This sort of social disaster has been shown to leave physical and psychological damage on the population (3, 4). Many suffer from depression (5), shock, or even severe heart attacks. In fact, epidemiological research has examined the influence of stressful social disaster incidents on acute myocardial infarction (AMI) such as the death of a beloved (6), earthquakes (7), war (8), and World Cup football (9).
Recent developments among big data analysis platforms have led to advanced forms of analysis methods such as Natural Language Processing (NLP) and data mining in medical fields (10). These methods can now be used to analyze consumers' responses to products or brands, predict elections via Twitter (11), predict stock sentiment momentum (12), create decision support systems (13), and predict the success of new movies (14).

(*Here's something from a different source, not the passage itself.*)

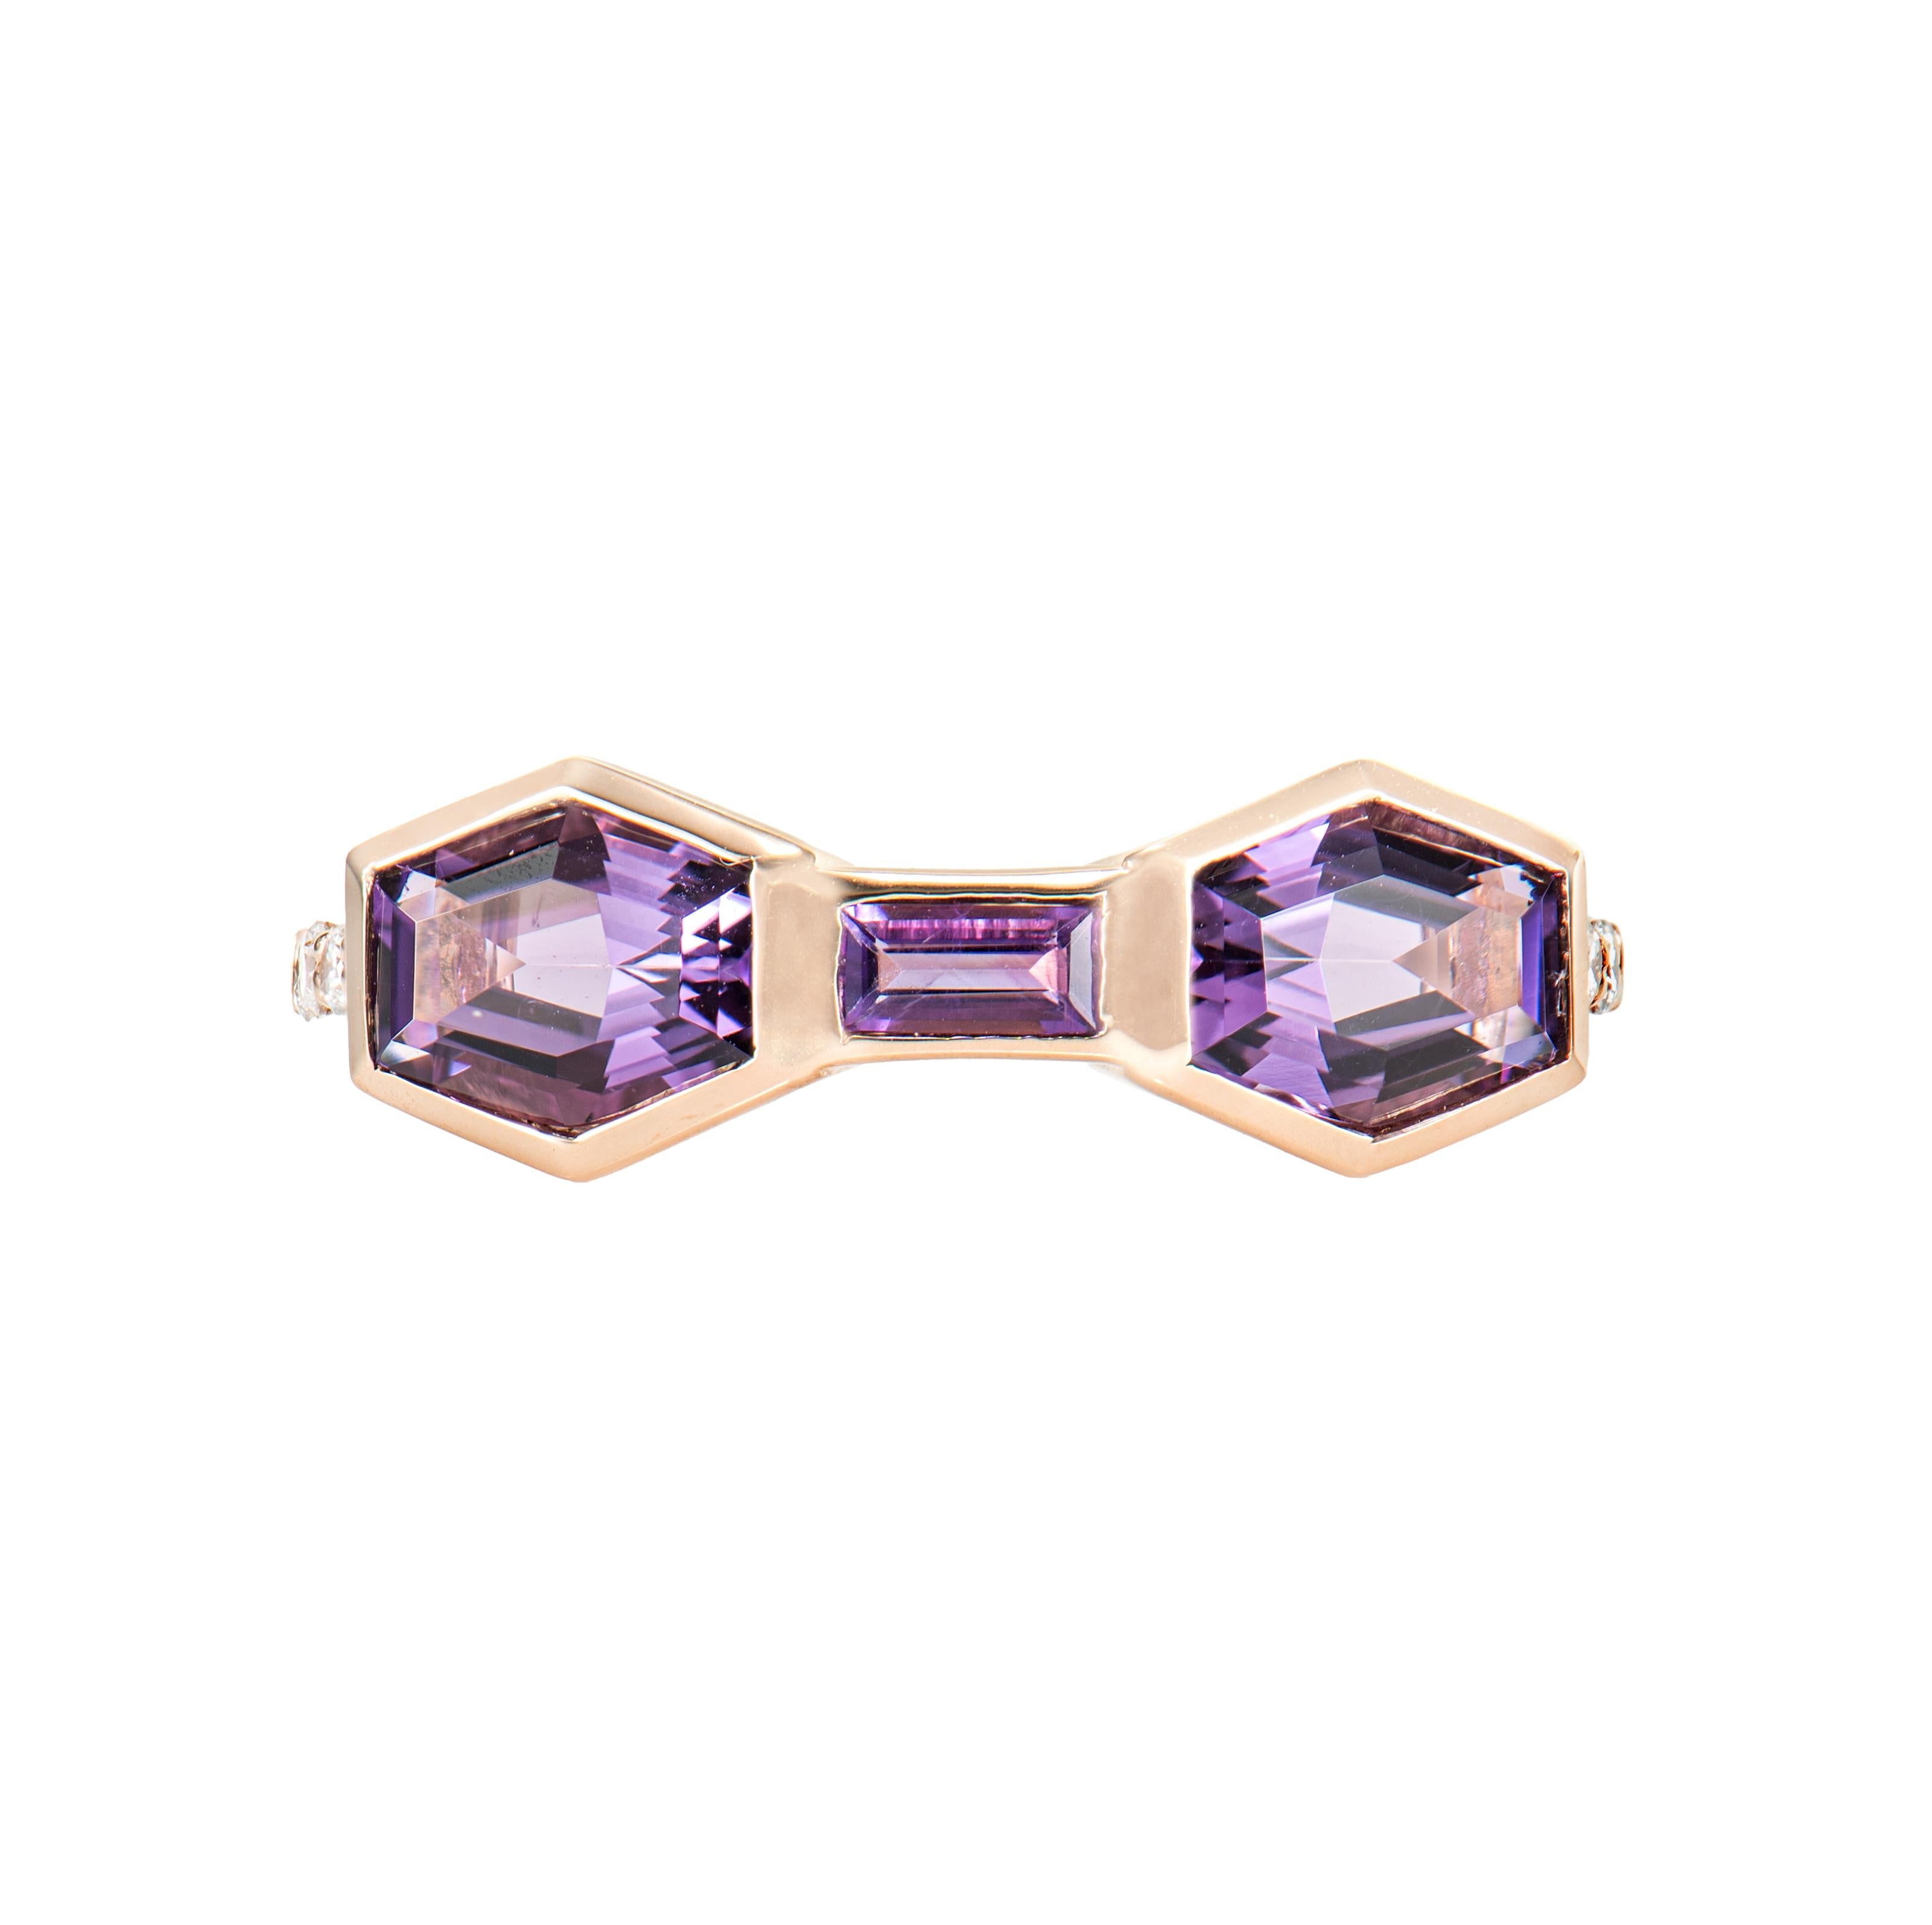 Contemporary 1.49 Carat Amethyst Fancy Ring in 14Karat Rose Gold with Diamond. For Sale

Recent trends in research by Hussein et al. (15) proposed a novel semi-supervised learning model based on the combined use of random projection scaling as part of a vector space model and support vector machines to perform reasoning on a knowledge base. Additionally, Zhao et al. (16) attempted an unsupervised three-component framework to expand some pseudo contexts from web to help disambiguate a collocation's polarity. Lastly, Akhtar et al. developed a stacked ensemble method for predicting the degree of intensity for emotion and sentiment by combining the outputs obtained from several deep learning and classical feature-based models using a multi-layer perceptron network (17).
However, no research has been conducted at the domestic level thus far to examine the influence of the Sewol Ferry Disaster on social stress using sentiment analysis, despite the disaster's role as a critical domestic issue. Some studies have made minor attempts, using Twitter alone to analyze social media regarding the disaster (4), but the amount of data was not sufficient to deem it as examining effects at the domestic level. Other social science researches focused on the cause and effects of certain factors in a set timeline (18, 19).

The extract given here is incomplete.